L’obbligo di indicare l’origine dei prodotti sull’etichetta è un passo fondamentale per il contrasto alle agromafie, sostiene il presidente nazionale della Coldiretti, Roberto Moncalvo, per il quale: «assistiamo ad un nuovo fenomeno di importazione selvaggia di materie prime di bassissima qualità, prodotte in Paesi che sfruttano il lavoro e il territorio, diventando poi magicamente prodotti italiani. Accade nella filiera del pomodoro dove solo nel 2016 sono stati importati dalla Cina 91 milioni di chili di concentrato di pomodoro, pari al 20% dell’intera produzione italiana. Per questo ci serve subito l’obbligo di origine del pomodori, di tutti i prodotti dell’ortofrutta e per tutte le filiere, come le carni trasformate».

Secondo Coldiretti l’obbligo di origine di pasta e passata di pomodoro salverebbe un terzo dell’agricoltura pugliese. Ma l’etichettatura da sola non può bastare. Gian Carlo Caselli, presidente del comitato scientifico dell’Osservatorio sulla criminalità nell’agricoltura e sul sistema agroalimentare, ricorda come “al consiglio dei ministri giace un progetto di riforma dei reati agroalimentari, realizzato da una commissione da me presieduta e voluta dal ministro Orlando. Con questa riforma potremmo ampliare le possibilità di intercettazione, di effettuare prelievi e campionamenti a sorpresa e ottenere mezzi di indagine più incisivi”.

Tra le novità inserite nel disegno di legge, quella che preme di più ai coltivatori è l’introduzione del reato di agropirateria con il quale potrebbero essere perseguite contraffazioni e frodi in campo agroalimentare.

Senza dimenticare il problema della eccessiva burocrazia e farraginosità delle leggi, denunciate dal presidente regionale della Coldiretti, Giovanni Cantele per il quale “dobbiamo fare in modo che le norme vengano applicate ma che non siano un fardello insostenibile per le imprese. Leggi di non facile applicazione sono un fardello troppo pesante sulle spalle degli imprenditori” spiega Cantele.

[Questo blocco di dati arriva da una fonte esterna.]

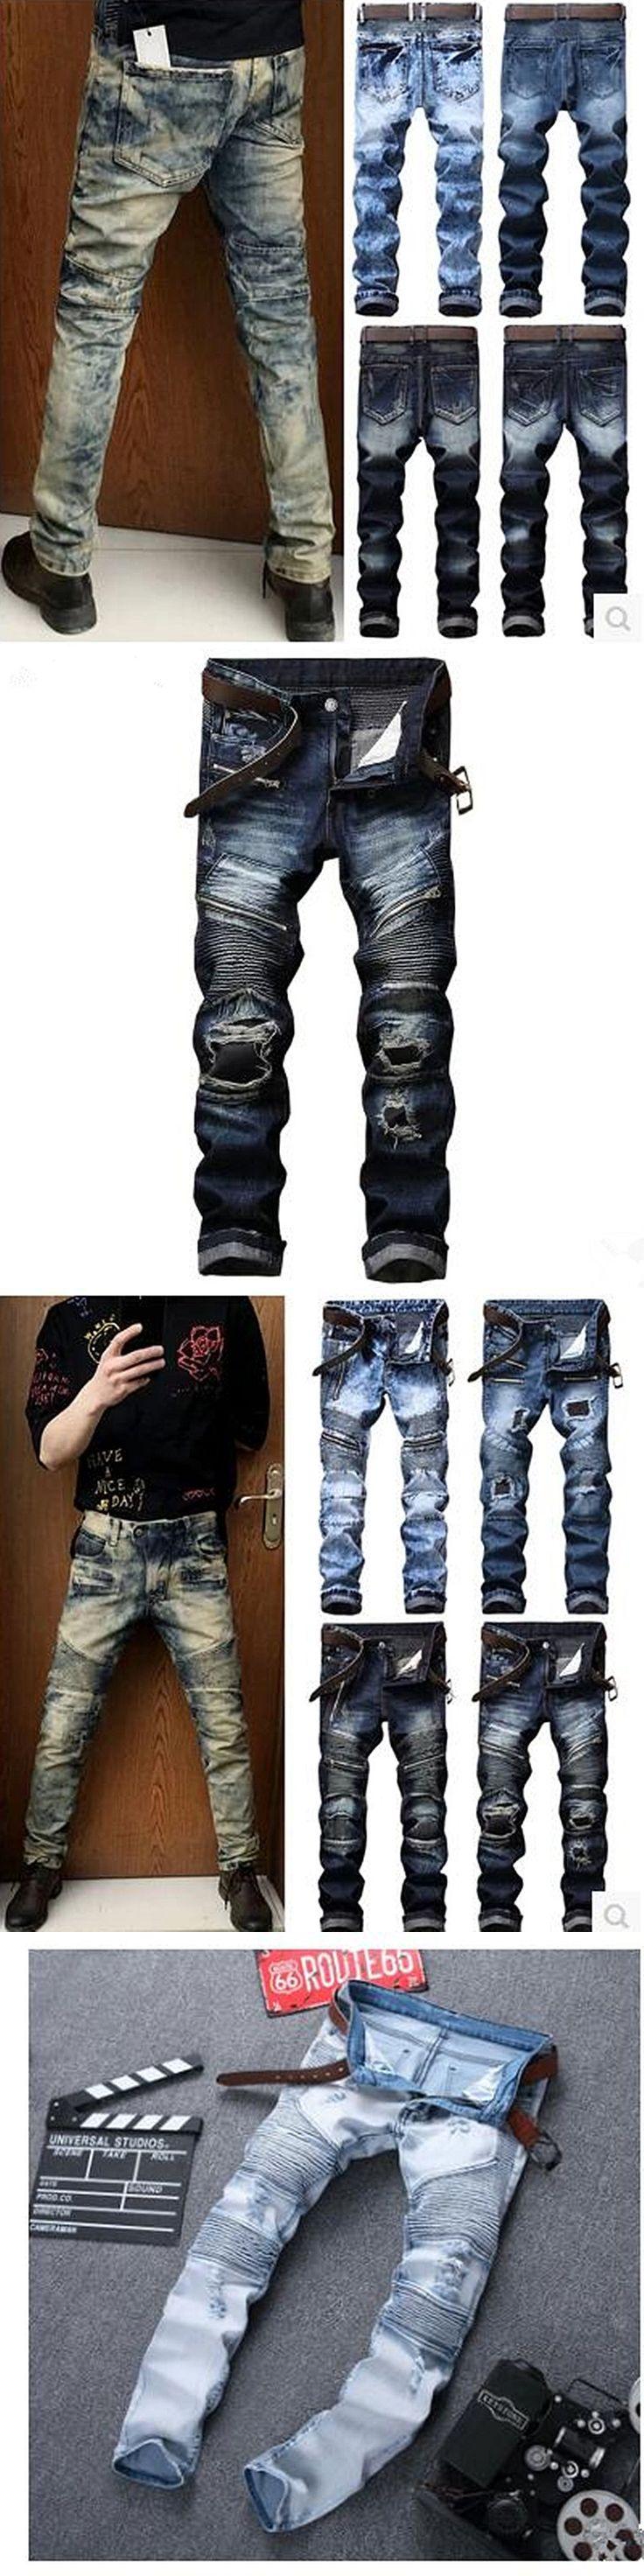 Men Jeans Brand Frayed Destroyed Slim Retro Cowboy Motorcycle Slacks Snowflake Spot Coating Pure Cotton Pants For Large Size

La Regione Puglia, dal canto suo, cerca di tutelare al meglio le produzioni agricole locali, “siamo una delle poche regioni in Italia ad avere un nostro sistema di certificazione. Abbiamo l’esigenza di difenderci dalle frodi alimentari, in quanto adulterazioni dei prodotti e dall’utilizzo improprio delle certificazioni – spiega l’assessore regionale alle risorse agroalimentari, Leonardo Di Gioia – e lo facciamo attraverso l’utilizzo dei disciplinari, il sistema dei controlli, l’utilizzo dei marchi. Con tutta una serie di regole all’interno del nostro Psr che migliora la tracciabilità del prodotto”.

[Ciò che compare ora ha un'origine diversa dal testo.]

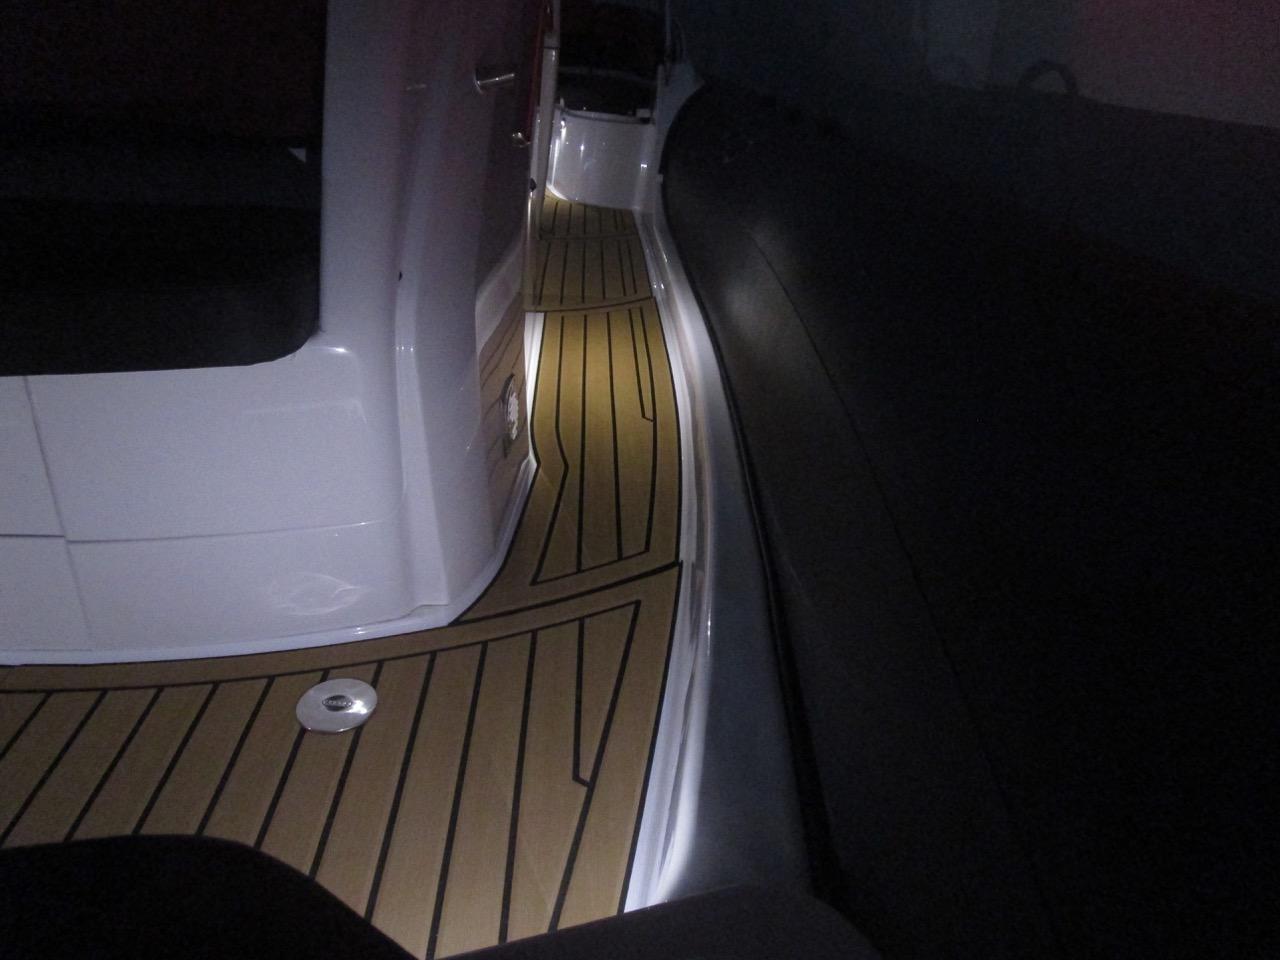 GRAND G850 RIB LED deck lights, port side deck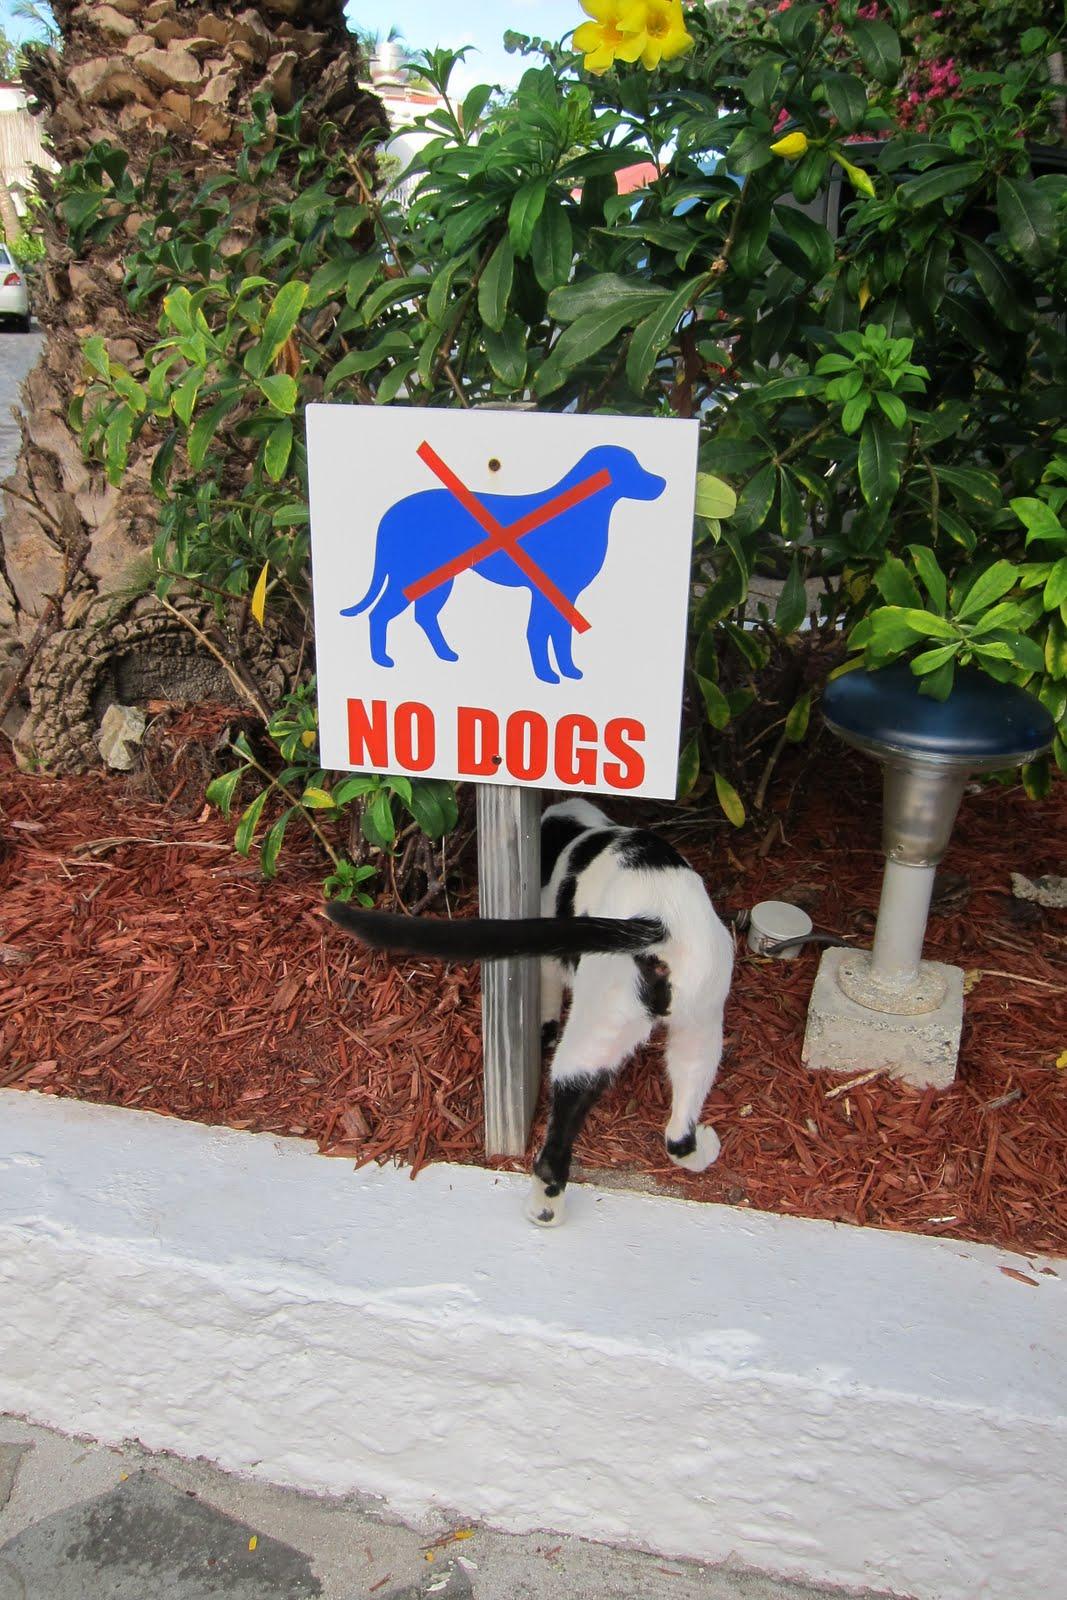 http://4.bp.blogspot.com/-fvZYK3M1_c8/TXIw0-DQIvI/AAAAAAAABu0/KE8rBtb94GQ/s1600/075_No_Dogs_Just_Cats.JPG

Un capitolo a parte riguarda la lotta al caporalato, tema sul quale è intervenuto il presidente della Regione, Michele Emiliano: “La Puglia ha preso atto della nuova legge, ma si rende conto che le imprese locali non sono ancora pronte per gestire i lavoratori migranti, per questo li stiamo aiutando con investimenti importanti, da milioni di euro, per far dormire e mangiare i lavoratori nelle foresterie. In questo modo tuteliamo non solo la dignità delle persone, ma anche e soprattutto l’agricoltura pugliese che sovente è stata rovinata con immagini di copertina su grandi giornali europei che descrivevano, il pomodoro pugliese come un pomodoro insanguinato dal lavoro illegale delle persone”.